The considered z indices were developed for performing statistical tests for damage detection and localization, and they were not explicitly derived for damage quantification purposes. However, the results presented in Fig. 4 clearly show that the values of both two z indices tend to increase for states that have undergone a higher number of earthquake excitations (i.e., considering in the order the states S1, S2, and S3.1), and this is consistent with what has been observed in [25]. In this perspective of considering the z indices also for obtaining an indication of the extent of damage, some important differences can be observed in the results obtained using the two z indices. Using the z index based on curvature in the scenario with 4 measured DOFs (Fig. 4c) the maximum value of the z index is at the DOF number 3, and this is especially evident for state S3.1. This observed trend with a maximum for an intermediate DOF of the structure seems to be not consistent with the results obtained in this paper using the same z index in the other scenarios (Fig. 4a, e) and not consistent with the concentration of damage at the bottom of the structure observed in the experimental tests [25]. This inconsistency found in the results obtained using the z index based on curvature, is, on the contrary, not present in the results obtained using the z index based on damage-induced rotation. As shown in Fig. 4b, d and f for all three considered scenarios with a different number of measured DOFs, the values of the z index tend to decrease from the upper to the lower DOFs and the maximum value of the z index is at the DOF number 1. This trend is consistent with the concentration of damage at the bottom of the structure observed in the experimental tests [25].

4 Conclusions

In this paper, two approaches for output-only damage detection and localization that are based on the estimation of structural deflections from modal flexibility have been considered and applied. One approach is based on monitoring the curvature of the modal flexibility-based deflections. The other approach is based on tracking eventual variations in the damage-induced rotation along the height of the structure. Such approaches have been applied to the data of a benchmark reinforced concrete shear wall building that was tested on the University of California, San Diego—Network for Earthquake Engineering Simulation (UCSD-NEES) large outdoor unidirectional shake table.
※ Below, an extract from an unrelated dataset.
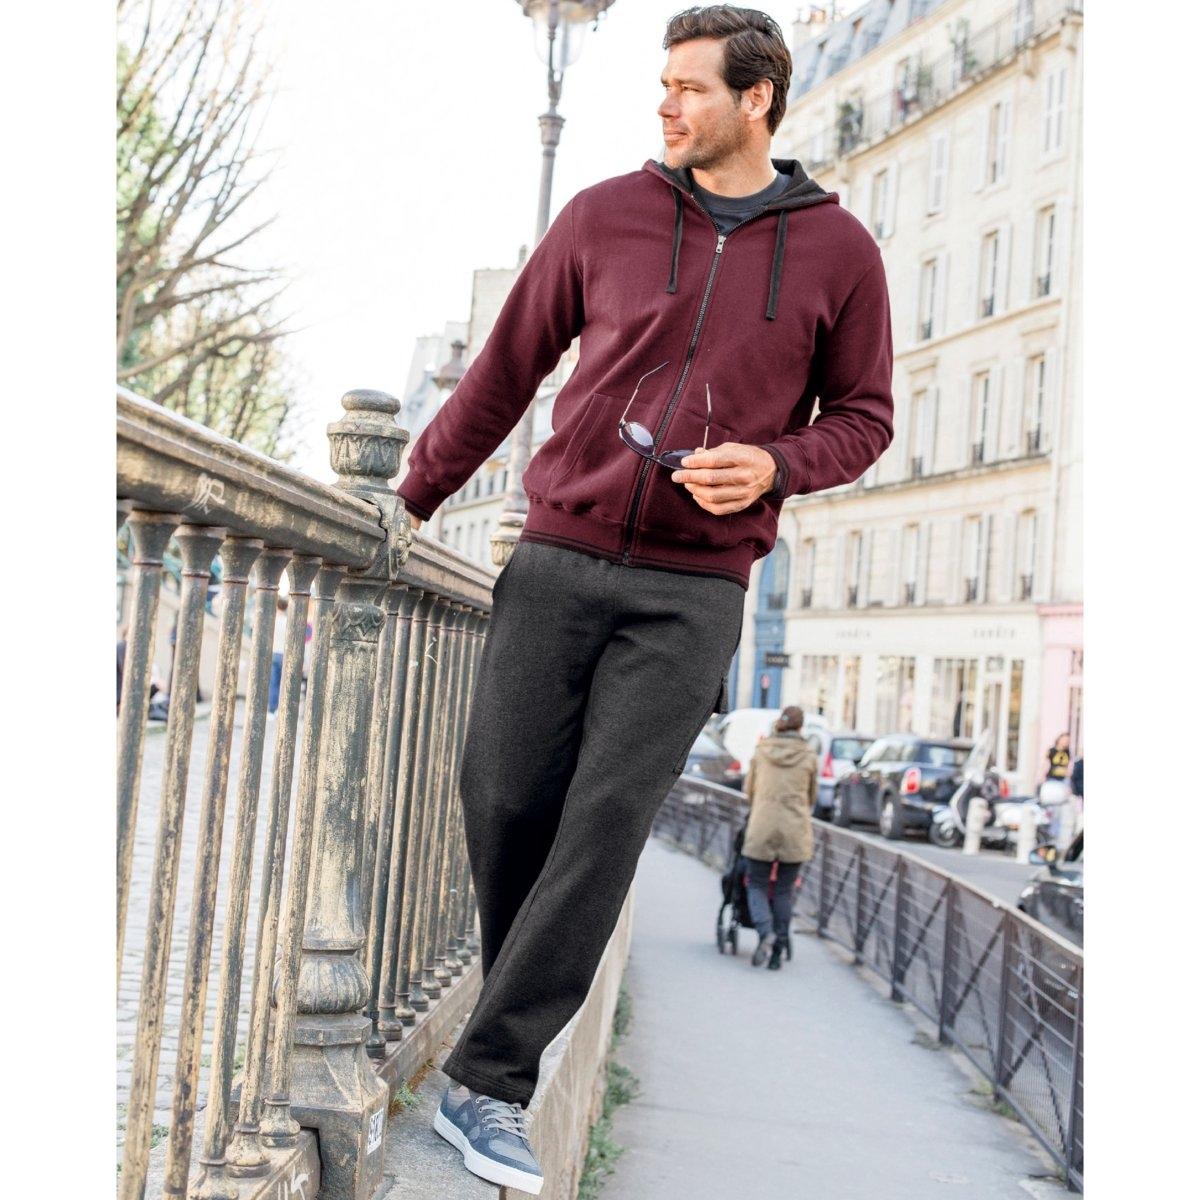 Брюки спортивные из мольтонаLa Redoute<br>Спортивные брюки из мольтона. Пояс в рубчик с полосками. 1 накладной карман на левой брючине. 2 кармана в боковых швах. Из мольтона, 55% хлопка, 45% полиэстера. Знак Oeko-Tex*.- Длина по внутр.шву : 72-77 см, в зависимости от размера. - Ширина по низу : 23-28 см, в зависимости от размера. *Международный знак Oeko-Tex гарантирует отсутствие вредных или раздражающих кожу веществ<br><br>Цвет: темно-серый меланж,темно-синий<br>Размер: 46/48.50/52.82/84.50/52.74/76.78/80.82/84.86/88 (FR) - 92/94 (RUS)

In particular, different scenarios characterized by different data sets and by a different number of degrees-of-freedom measured on the structure have been considered in the analyses (i.e., three scenarios with 7, 4, and 3 measured DOFs, respectively). The analyses performed in the different scenarios have demonstrated the applicability of the considered methods on a full-scale structure that has experienced earthquake-induced damage, by providing damage identification results that are consistent with the actual damage observed in the structure, especially for the analyses performed using the second approach based on the estimation of the damage-induced rotations from the modal flexibility-based deflections. This is the main conclusion that can be derived from the analyses performed for the considered case study, and, as potential future developments of the work, it is planned to carry out further investigations and analyses on similar benchmark structures.